Claude Code's API client is a multi-layered defense system:

  • Multi-provider abstraction — unified interface for Anthropic/Bedrock/Vertex/Foundry, configured via environment variables
  • Layered retry — different strategies for different error types (authentication/rate-limiting/overload/connection reset)
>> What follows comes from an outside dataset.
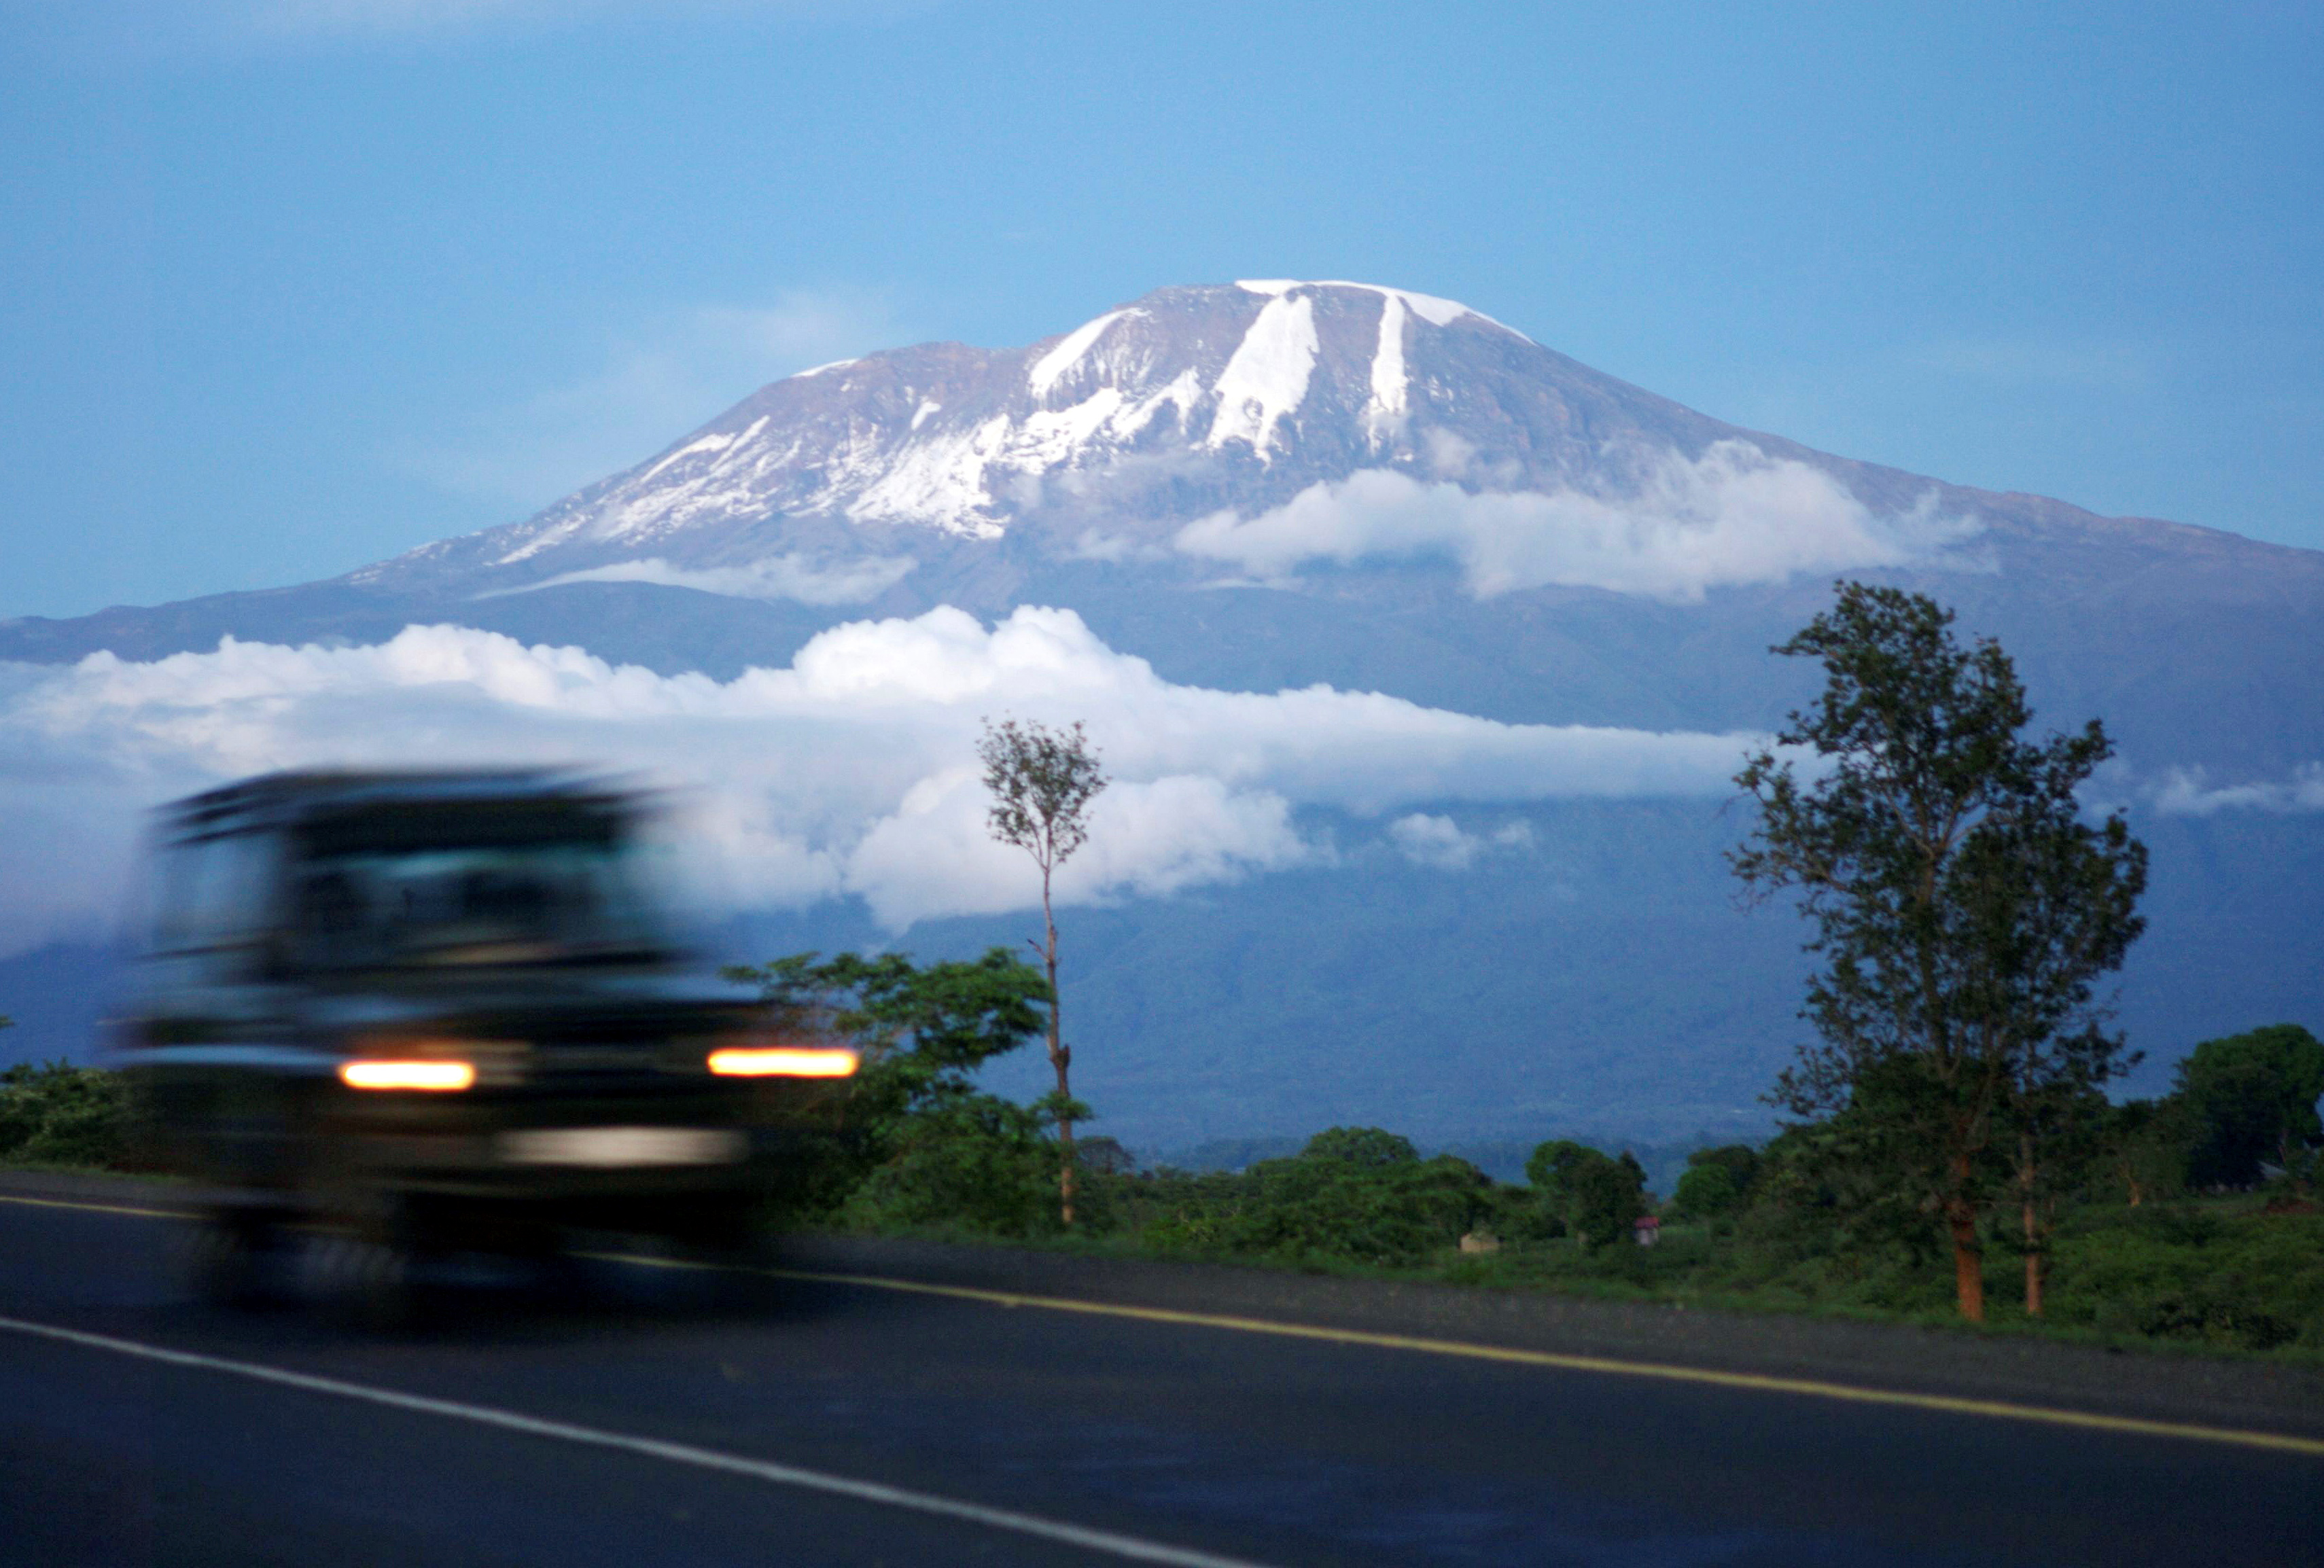  A vehicle drives past Mount Kilimanjaro in Tanzania's Hie district, file.  REUTERS/Katrina Manson

  • Intelligent fallback — Fast Mode to standard speed to alternative model, with sound decision logic at each step
  • Streaming error suppression — recoverable errors are not immediately exposed to consumers, giving the system a chance to recover
  • Full-chain cost tracking — from API response to project configuration persistence, with support for session resumption
  • Operational knobs — prompt caching, Fast Mode, retry strategies, and more are all controllable via environment variables and feature flags

The complexity of this system is not accidental — it reflects the reality that production AI applications face: networks are unreliable, services get overloaded, credentials expire, and users need an uninterrupted experience. Every layer of protection corresponds to a real-world failure mode.